Back then there was still time to say no. Some of us desperately made the case that he was a disaster. In May 2016, in the last appearance I will ever make on Fox News, I said:
Donald Trump is a serial liar, a con man who mocks the disabled and women. He’s a narcissist and a bully, a man with no fixed principles who has the vocabulary of an emotionally insecure nine-year-old. So no, I don’t want to give him control of the IRS, the FBI, and the nuclear codes. That’s just me.
But you went along with it. You thought you could ride it out. You thought the tradeoffs were worth it. You thought you could Make America Great with this ignorant, petulant man-child.

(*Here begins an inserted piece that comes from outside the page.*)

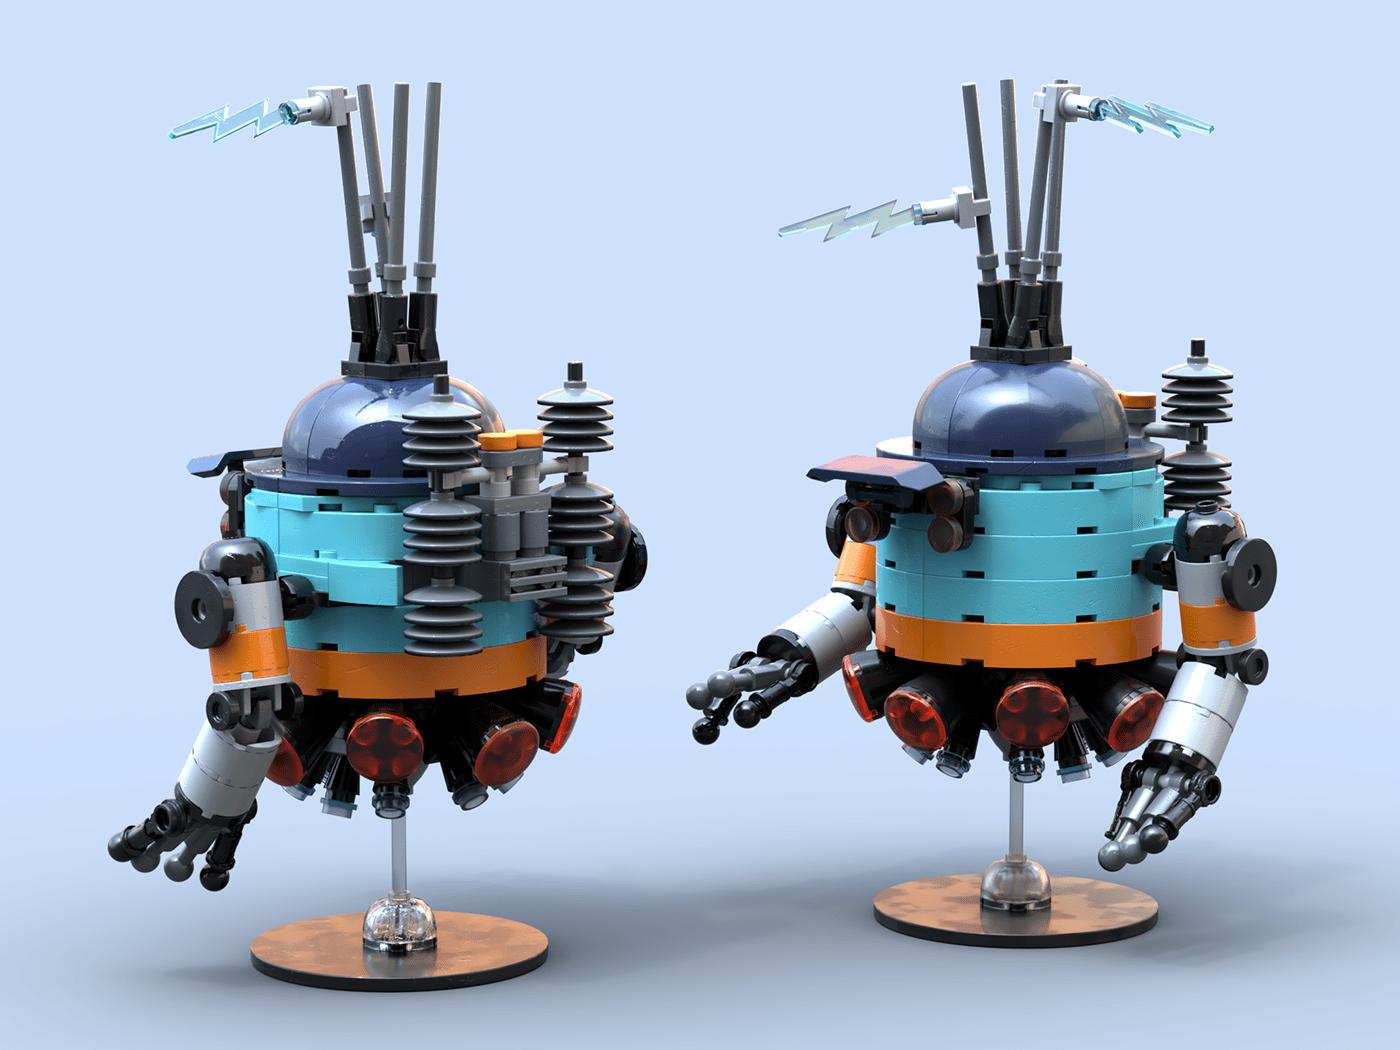 robots STEAMPUNK LEGO toys industrial design  toy design  models spaceship hotrod arcade
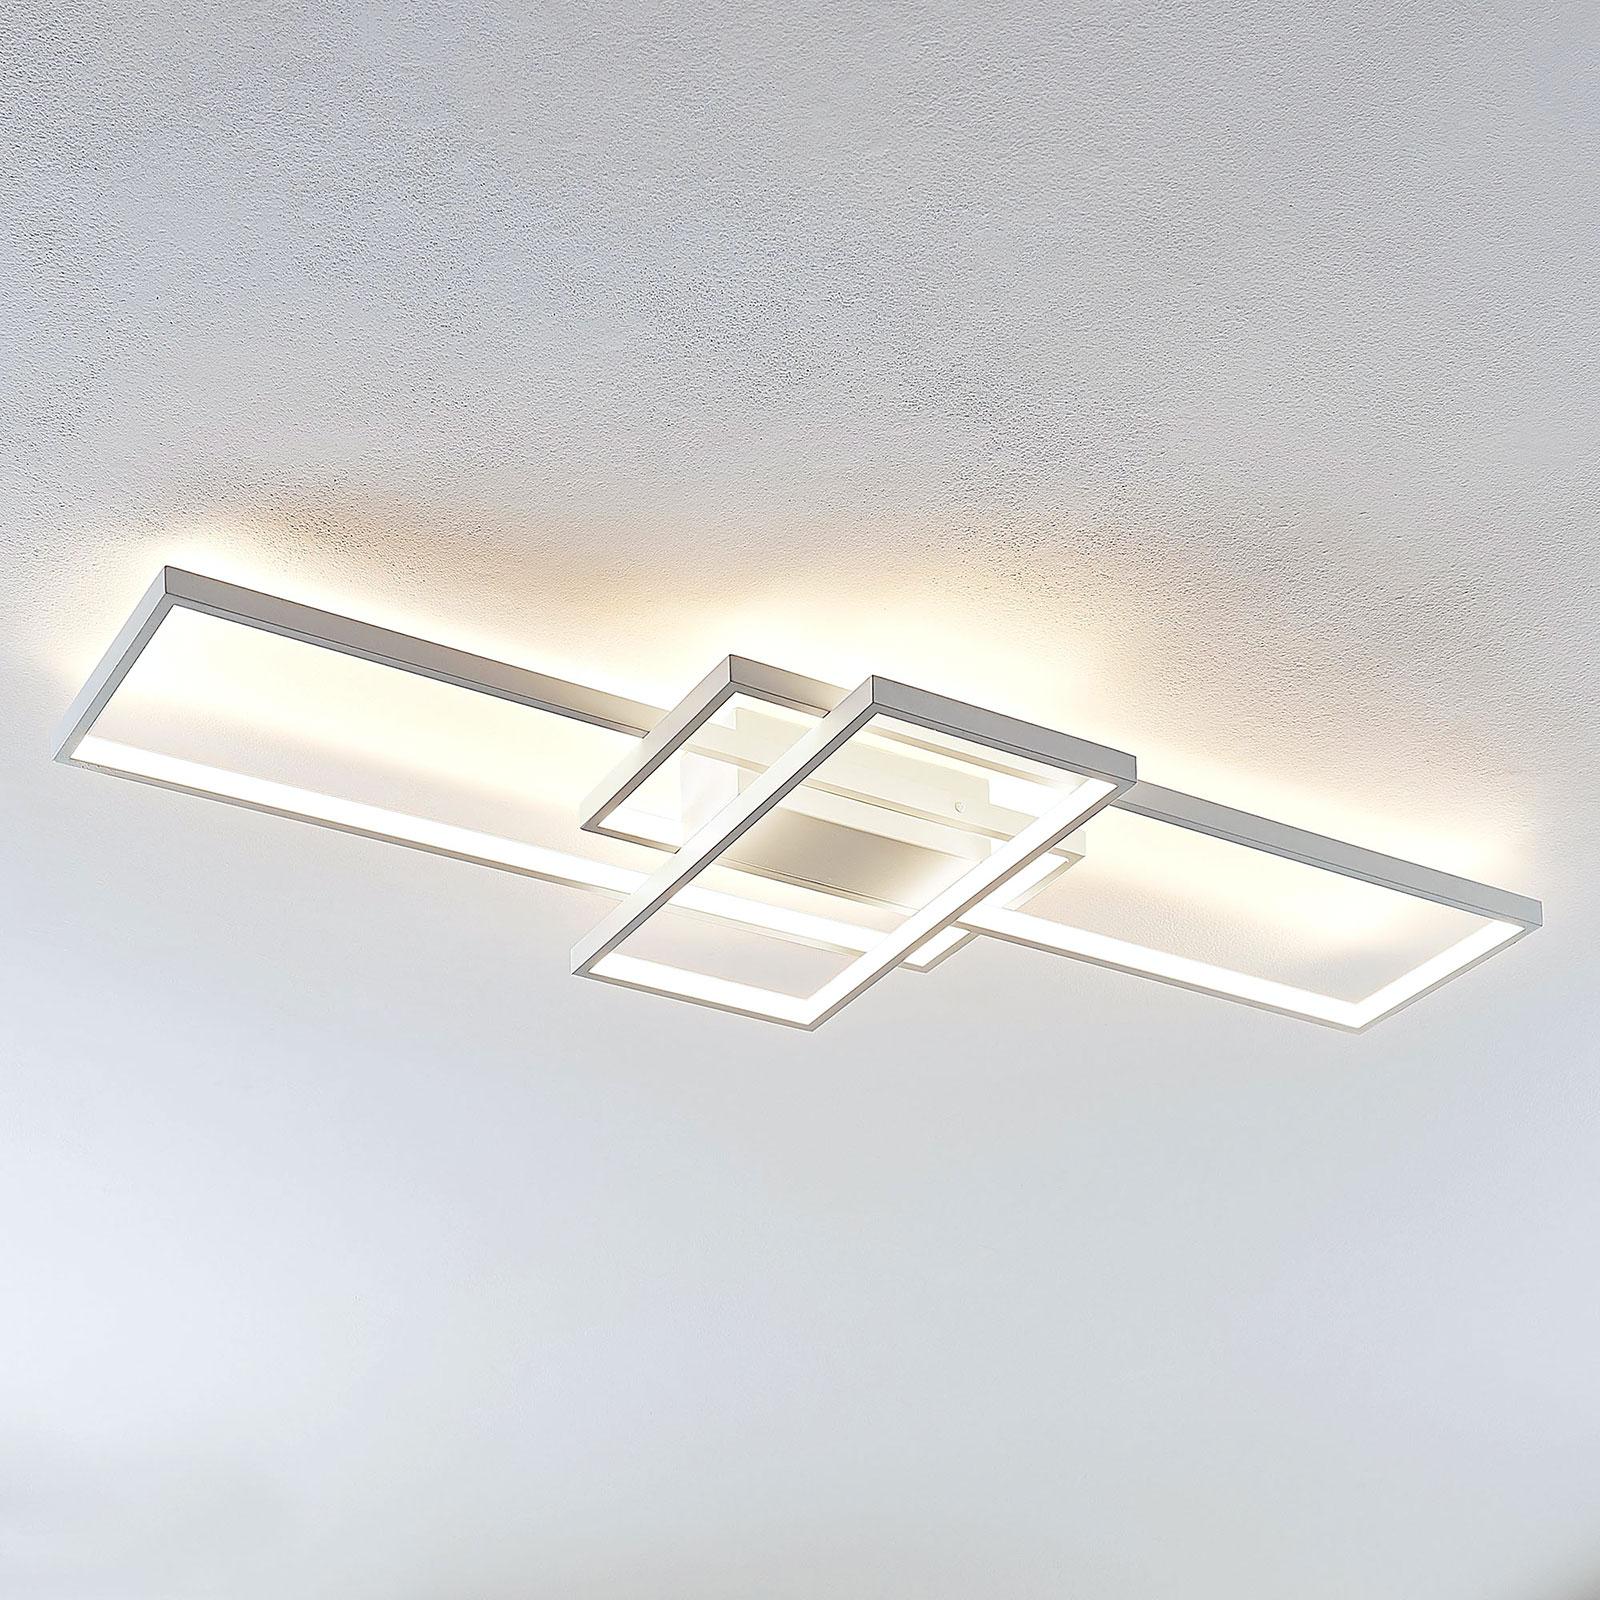 Lindby Poppy LED-taklampa med dimningsfunktion

One conservative commentator after another torched their reputations, if not their consciences, polishing the orange turds.
The anti-anti-Trumpers sat it out, or spent their time assuring us it wasn’t so bad and that the real threat was radical woke socialists like… Joe Biden. When they weren’t actually concocting elaborate defenses for Trump’s mendacity, they rationalized, or played an endless game of whataboutism.
Back in June, my colleague Sarah Longwell asked the same question that’s nagging me today:
Did they really think that putting a man bereft of character, decency, and empathy in charge of the country wouldn’t make a difference?
Did they really think that dismissing each instance of his racism, bullying, fecklessness, megalomania, corruption, lies, and stupidity it wouldn’t have a cumulative effect?
From the day he came down the escalator, Trump promised to burn it all down. And now Conservatism Inc. is surprised the country is on fire?
What did they think was going to happen?
So don’t pretend you are really surprised. You may be appalled by what you are seeing, but nothing that is happening now — the reckless attacks on constitutional norms, the flood of lies and conspiracy theories, the bullying, insults, or chaos — is inconsistent in any way with what you have known for years.
But you truckled, wheedled, and hoped he’d eat you last.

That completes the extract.